Solution Type  Problem Resolution Sure

Solution  1507737.1 :   Sun Storage 7000 Unified Storage System: Tuning Solaris hosts using ZFS filesystem (exported from 7000 Series NAS)  


Related Items
  • Sun ZFS Storage 7420
  •  
  • Sun Storage 7410 Unified Storage System
  •  
  • Sun ZFS Storage 7120
  •  
  • Sun Storage 7310 Unified Storage System
  •  
  • Sun ZFS Storage 7320
  •  
Related Categories
  • PLA-Support>Sun Systems>DISK>ZFS Storage>SN-DK: 7xxx NAS
  •  




In this Document
Symptoms
Cause
Solution
References


Created from <SR 3-6337737318>

Applies to:

Sun ZFS Storage 7420 - Version All Versions and later
Sun ZFS Storage 7120 - Version All Versions and later
Sun Storage 7410 Unified Storage System - Version All Versions and later
Sun Storage 7310 Unified Storage System - Version All Versions and later
Sun ZFS Storage 7320 - Version All Versions and later
7000 Appliance OS (Fishworks)

Symptoms

A solaris host uses ZFS filesystem. Only 1 LUN is used from the ZFS appliance. This LUN has a volblocksize of 8KB (defined on the ZFS appliance). The data filesystem has a recordsize of 128KB.

 host # zpool status
   pool: data
  state: ONLINE
   scan: none requested
 config:

       NAME                     STATE     READ WRITE CKSUM
       data                     ONLINE       0     0     0
         c5t21000024FF2D607Fd2  ONLINE       0     0     0 <<< LUN exported by a 7120 (zfs appliance)
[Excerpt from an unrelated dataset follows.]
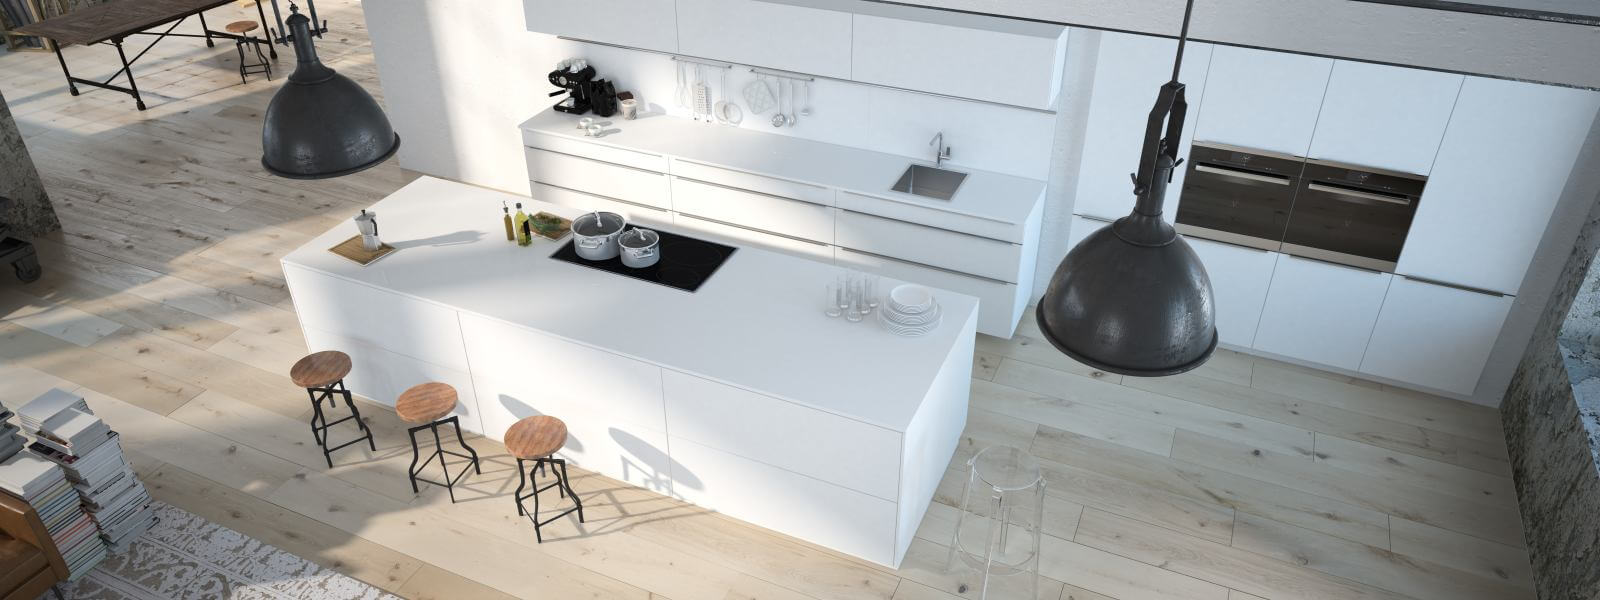 The modern kitchen interior design. 3d rendering
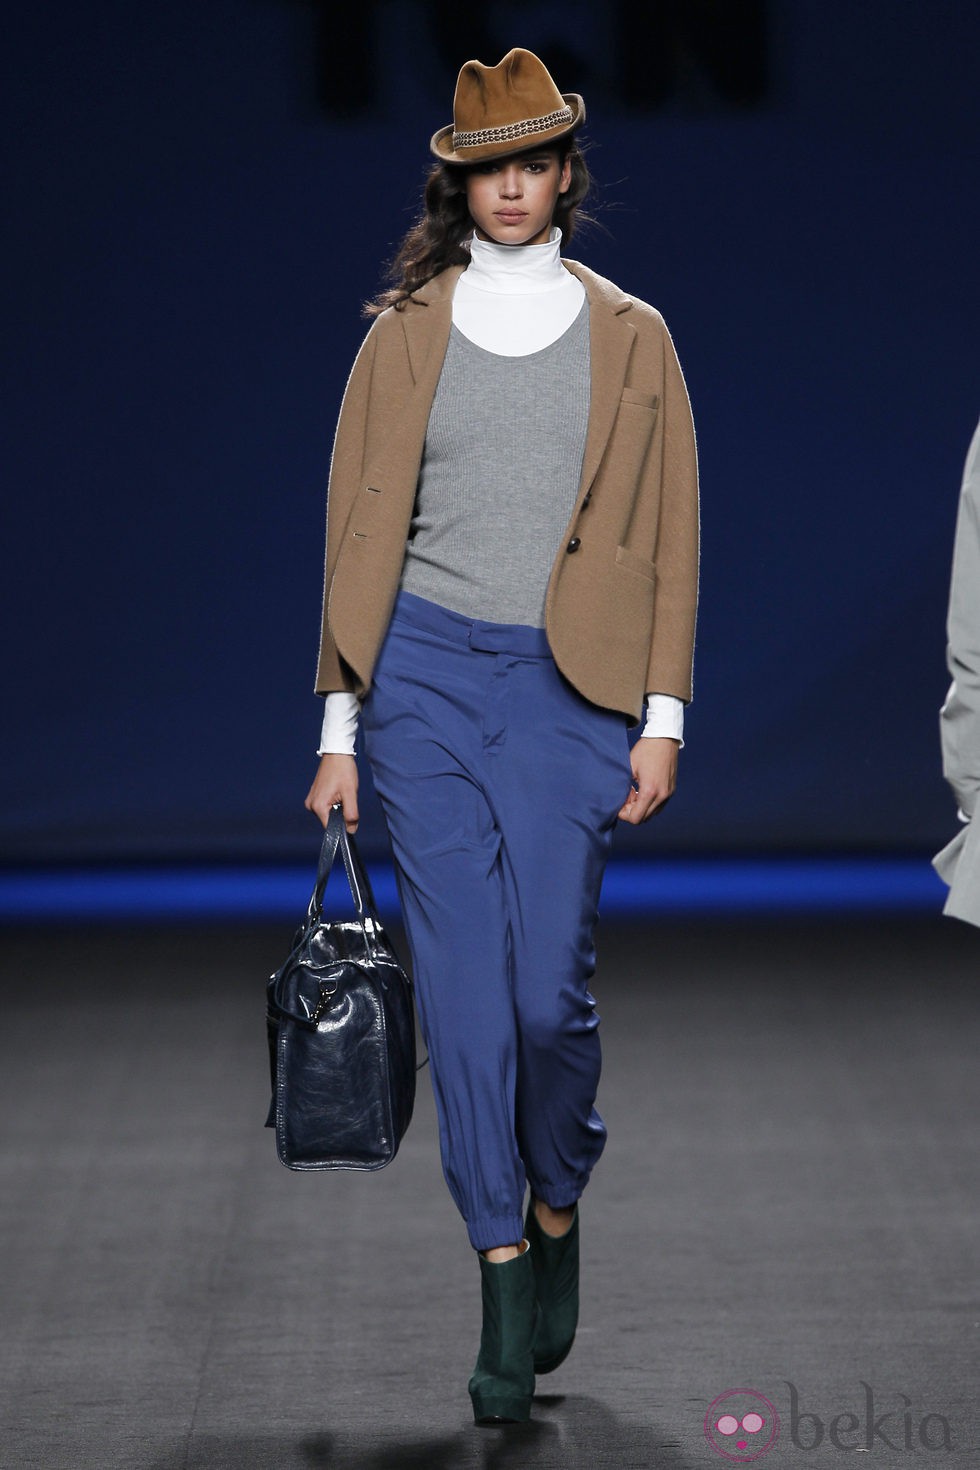 Pantalón azul con chaqueta camel de TCN en la Fashion Week Madrid

Performance is not as expected. We cannot sustain more than 50 MB/s for IO writes.

Cause

  • Partition alignment is really important to get correct performance. This has to be checked on client side. Solaris hosts using ZFS will have to force alignment using modifications to /kernel/drv/sd.conf and/or ssd.conf.
  • Limited number of maximum outstanding IOs for a LUN. This can be changed dynamically using kernel tuning.

Solution

Here are some recommendations to get the good performance. A filebench result is provided as well.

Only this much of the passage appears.